Rare sighting: Sumatran tiger, clouded leopard captured on camera, offer hope of survival

There are hardly 400 of them left in the world and in a rare visual treat, a Sumatran tiger has been captured on a camera-trap study.
The Sumatran tiger (Panthera tigris sumatrae) (Photo: Max Allen/IANS)
The Sumatran tiger (Panthera tigris sumatrae) (Photo: Max Allen/IANS)

New York, Feb 25 (IANS): There are hardly 400 of them left in the world and in a rare visual treat, a Sumatran tiger has been captured on a camera-trap study, giving hope that the critically endangered species (Panthera tigris sumatrae) is still out there.

Scientists deployed motion-sensitive camera traps across a 50-square-mile swath of Bukit Barisan Selatan National Park in southern Sumatra and, over the course of eight years, recorded the haunts and habits of dozens of species, including the Sumatran tiger and other rare and endangered wildlife like clouded leopards.

The cameras captured a total of 39 animal species, including critically endangered Sumatran tigers, Sumatran elephants and Sunda pangolins, as well as carnivores including Asian golden cats, marbled cats, Sunda clouded leopards, Malayan sun bears and masked palm civets.
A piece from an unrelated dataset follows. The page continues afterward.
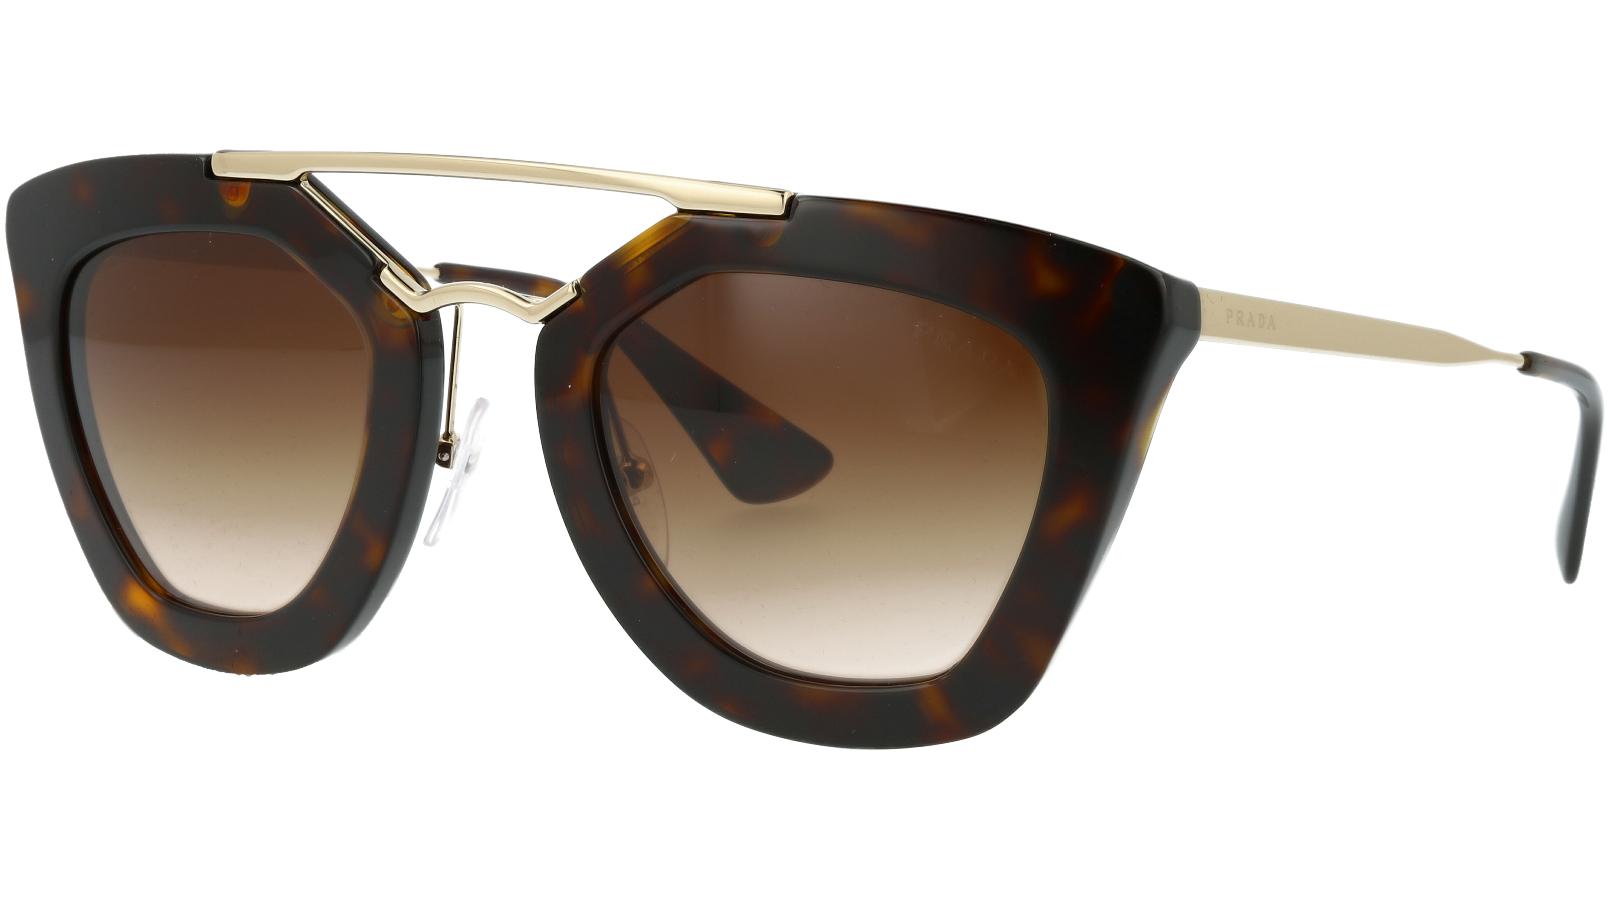 PRADA PR09QS 2AU6S1 49 HAVANA Sunglasses

The Sumatran tiger is in extreme danger of extinction, with fewer than 400 of them left in the world today.

This is a stark contrast to its number in the 1970s when there was an estimated 1,000 Sumatran Tigers in the wild.

"Camera traps are a good way to document a community of terrestrial animals," said Max Allen, a wildlife ecologist at the Illinois Natural History Survey (INHS) who led the research.

The INHS is a division of the Prairie Research Institute at the University of Illinois at Urbana-Champaign.

The frequency and time of sightings revealed that the tigers were most active during the day, with the majority of sightings in midday.

For example, camera sightings of Sumatran clouded leopards - which are not strictly nocturnal - dropped off precipitously in the hours before noon and picked up a bit in the late evening, when tigers were rarely seen.

"Sumatran tigers and Sunda clouded leopards compete for larger prey, and tigers are likely to attack them on sight," Allen said in a paper reported in the journal Animal Biodiversity and Conservation.

The behaviour of smaller cats, however, suggests that they do not fear or actively avoid tigers.

"The daytime activity of the marbled cat, for example, actually overlaps highly with that of the tigers," Allen added.

It's likely the marbled cats are small enough to be eating prey - like rodents - that are of no consequence to tigers.

Surveys from previous studies captured eight species that the camera traps missed, however.

These include the critically endangered Sumatran rhinoceros, the endangered dark-handed gibbon and the endangered hairy-nosed otter.

In an earlier camera-trap study of Sunda clouded leopards in Borneo, Allen and his colleagues discovered that the male clouded leopards would scent mark, scratching and urinating to establish their territory and to attract mates - something other researchers had never observed before.

"There are gaps in our knowledge that camera traps can fill. It would be difficult to document these behaviours and interactions by other means," said the researcher.